Your poem does an excellent job of capturing a series of snapshots from this moment in history, Elizabeth. And yes to this: "at the same time there’s part of me wishing that, in the midst of that movement, we could all spend some time sitting still together in story circles … just long enough to really listen to what has changed:"
Wow. You captured the most impactful event in recent history very powerfully. And good call to still take time to process how it affected, and affects, everyone. Thank you.
So many things have changed. So much loss... Thank you for this poem.
💛🌿
It is important to remember and keep sharing in our experience.
I agree. Thank you, MK.
Your poem outlined so much of the disturbing mixed messages people heard (or thought they
did?)
Mental health suffered more then …or did really?
New vicious Covid, variant and now an uncertain election…my thinking is -it’s always
just one more thing.
You're right, Looocinda, it IS always one more thing ... but the Covid shutdown was a kind of Thing we hadn't dealt with for a long time and were (thanks to certain unmentionables) so badly prepared for. I think its effects are still working themselves out in all of us.
This is beautiful and powerful and captures the pandemic, especially those first months when we knew so little and then it kept changing. I still remember where I was when we shut down. We knew it was coming and then it was there and it felt like we were staring into a gaping hole. I love the idea of pandemic healing circles.

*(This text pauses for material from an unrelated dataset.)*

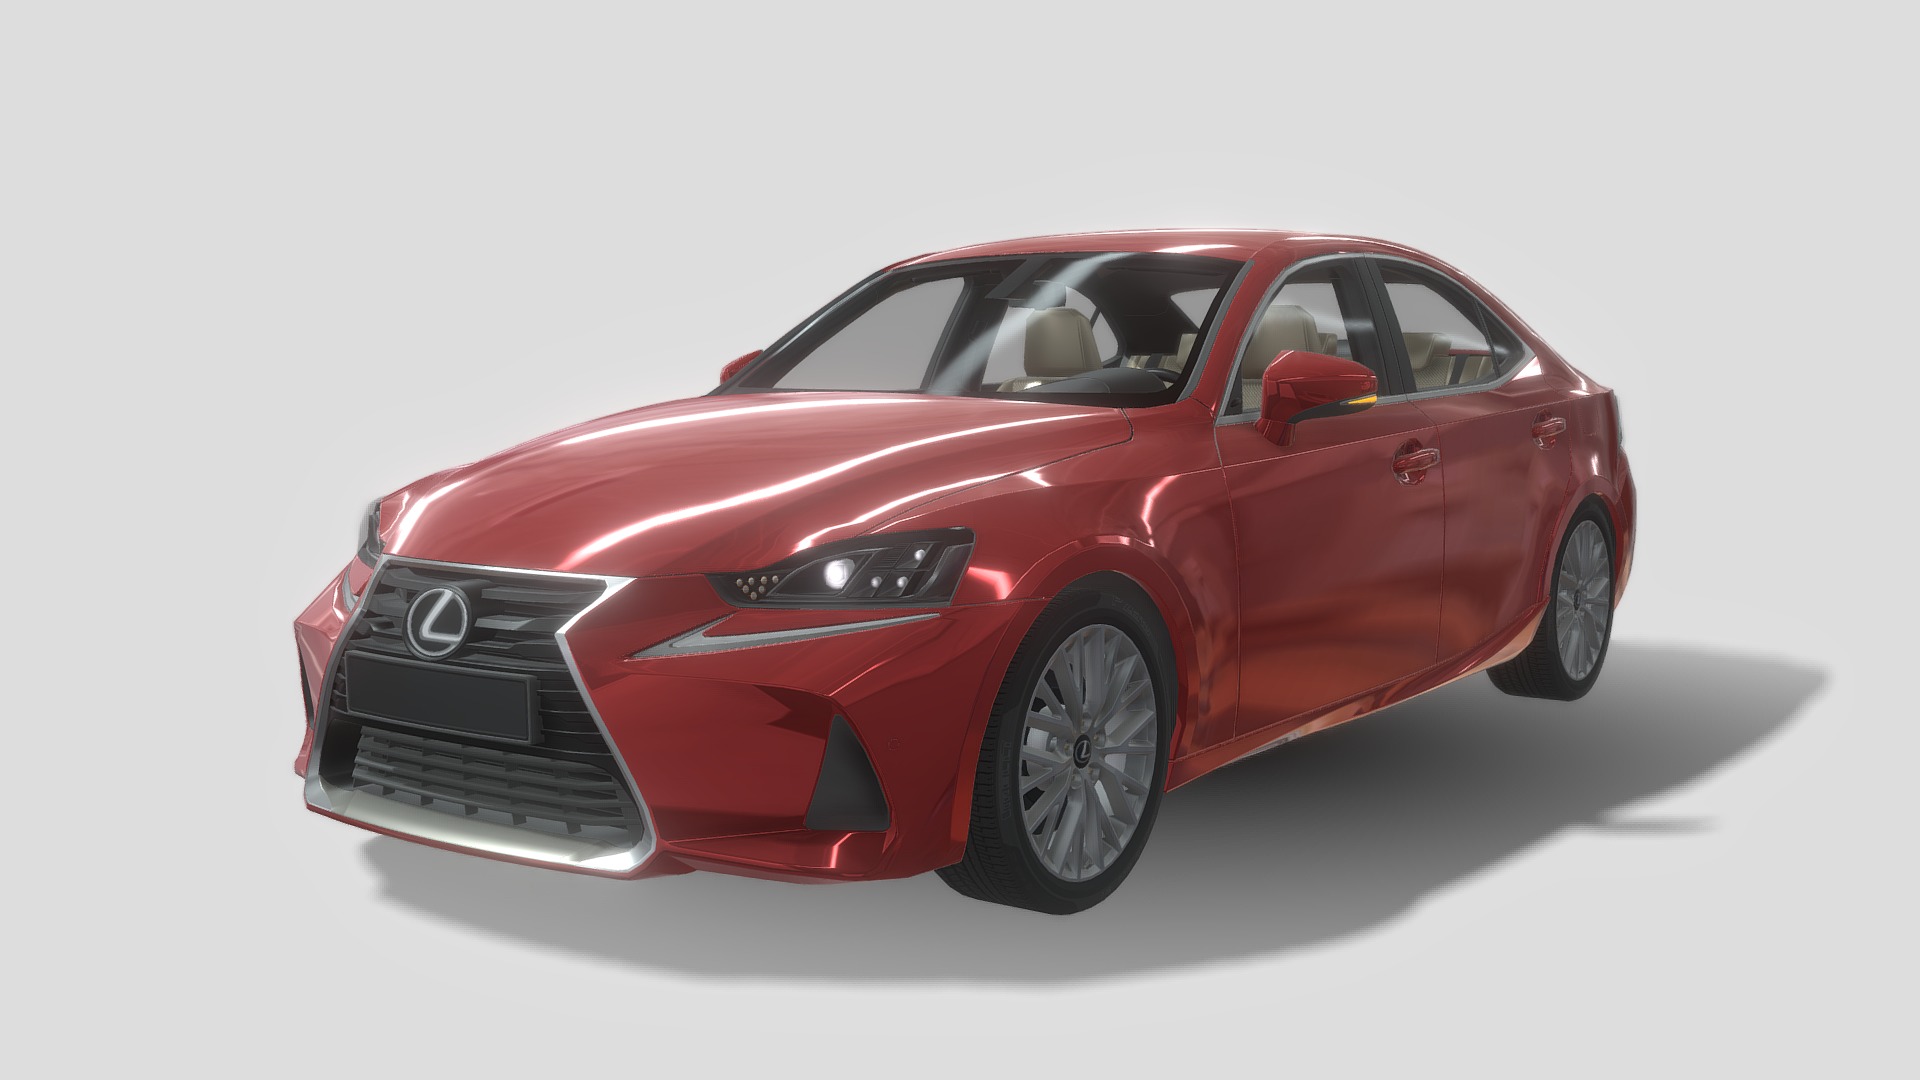 3D model Lexus Luxurycar Model - This is a 3D model of the Lexus Luxurycar Model. The 3D model is about a red car with a white background.

"We knew it was coming and then it was there and it felt like we were staring into a gaping hole." So much this, LeeAnn!
Holding the idea of those circles in my heart. Not a clue how to convene them, but a clue (or someone who has one) may yet appear.

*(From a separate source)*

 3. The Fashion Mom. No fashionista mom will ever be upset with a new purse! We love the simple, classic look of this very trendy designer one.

I listened to your poem as I got up this morning. Everyone else was asleep (I needed to take our dog to an appointment) and being in a silent house, listening to your poem, brought me back very profoundly to that time. This poem is so timeless while being so specifically rooted in time.

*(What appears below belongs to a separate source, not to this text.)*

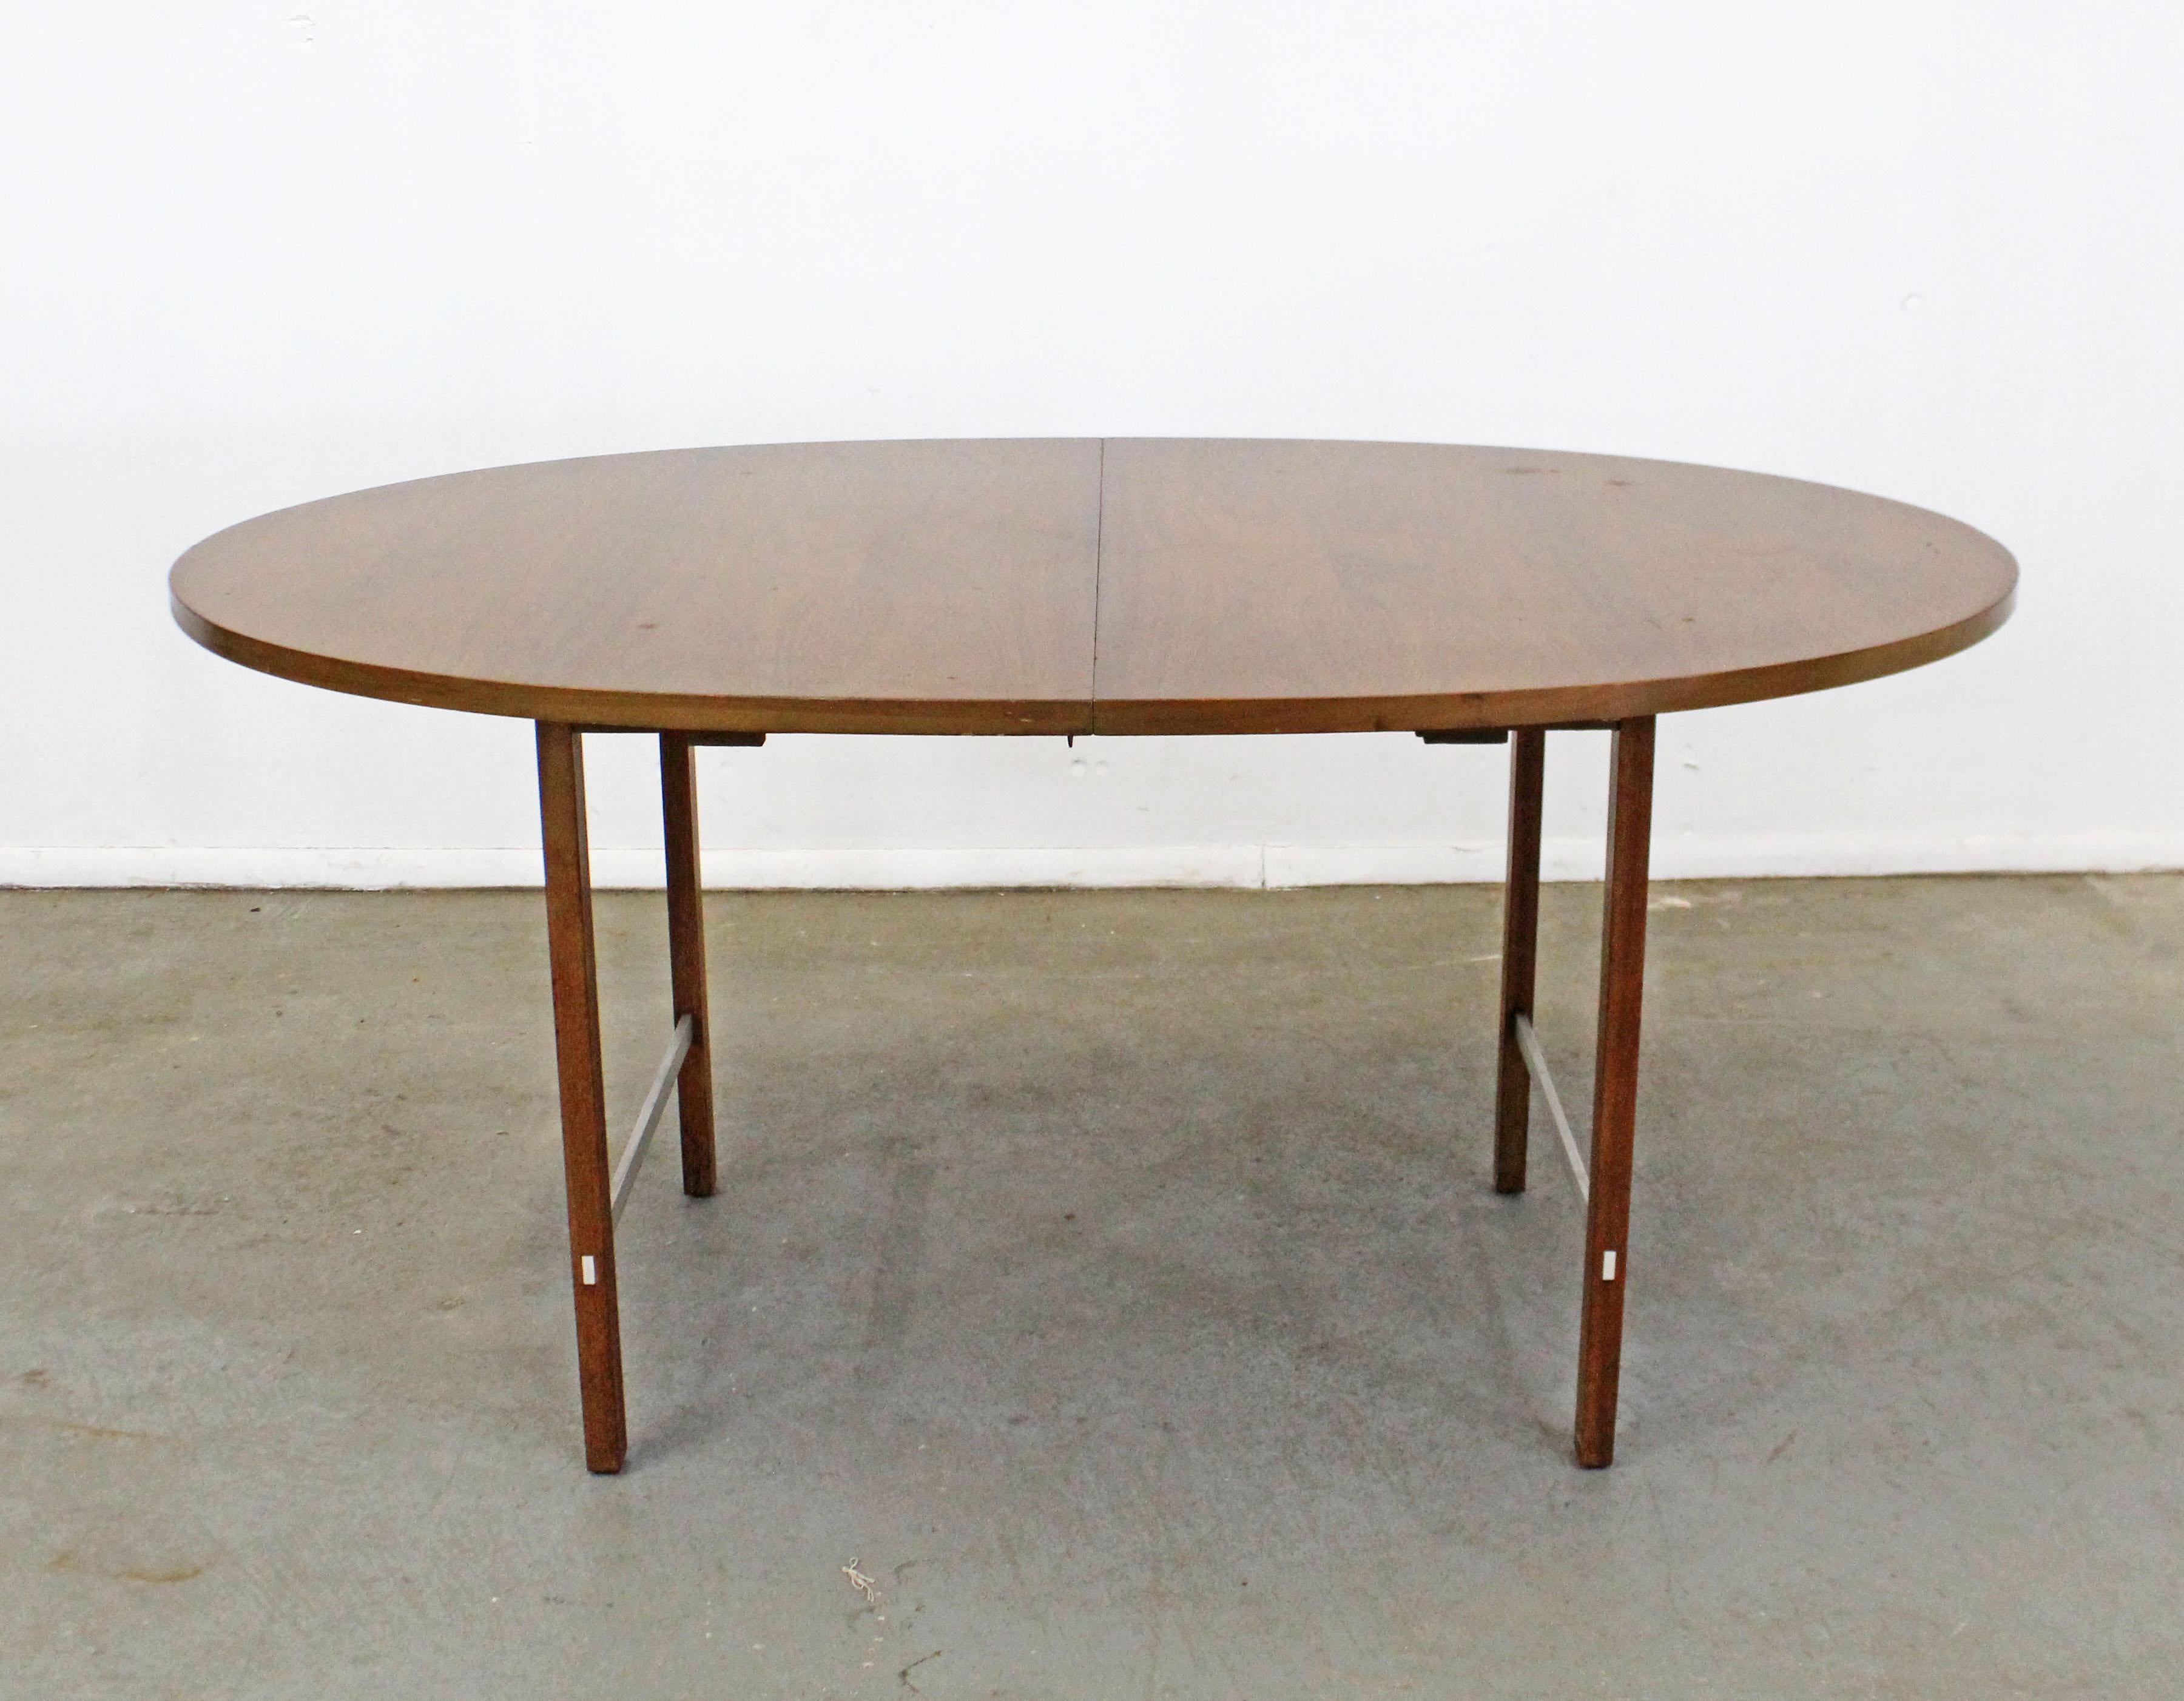 Offered is a vintage Mid-Century Modern dining table, designed by Paul McCobb for the Irwin Collection by Calvin. The table is made of walnut featuring an ovular tabletop with aluminum braces on the legs. It is in vintage condition showing normal

Also, I love the idea/the wish for a chance to sit and share with each other, especially this last bit: "Just long enough to name what each of us carried away from that time, so that we don’t sink under the weight of what we’re carrying while we try to stay in motion."
Thank you for the mention. You, Elizabeth, are doing this brave work, and I'm so honored to be along for the ride with you.
WE are doing this brave work, Margaret Ann. 💛🌿
💛
I appreciate how you found words to capture the uncertainties, the shifting landscape of pretending to know what we couldn't possibly know, and how for some "moving on" hasn't been possible. I wonder, in your story circles, if there have been discussions of how the pandemic was, for those of us young enough and on soils removed enough, our first experience with war.
Thanks for this, Elizabeth. Coincidentally, my post today also referenced Covid. I clearly haven't moved on completely.
Thank you back, Elizabeth. Storytellers and poets will hold the door open to healing from this "war."
Your poem does an excellent job of capturing a series of snapshots from this moment in history, Elizabeth. And yes to this: "at the same time there’s part of me wishing that, in the midst of that movement, we could all spend some time sitting still together in story circles … just long enough to really listen to what has changed:"
Thank you, Petra.
Beautifully powerful, yet with a deft lightness of touch, mirroring the fragility of life.
Thank you so much, Maureen. I appreciate the restack as well.
One of the best pandemic poems I've read, historically, lyrically.
We need more pandemic poems out there! Thank you for your kind words about this one, Kim, and thank you for restacking it.
Wow. You captured the most impactful event in recent history very powerfully. And good call to still take time to process how it affected, and affects, everyone. Thank you.
Thank you, Petrina! 🧡
Ooof. The memories. And everything "on screen." Thank you for continuing to share.
Sooooo much on screen....! Thank you for reading (and re-stacking), Michele.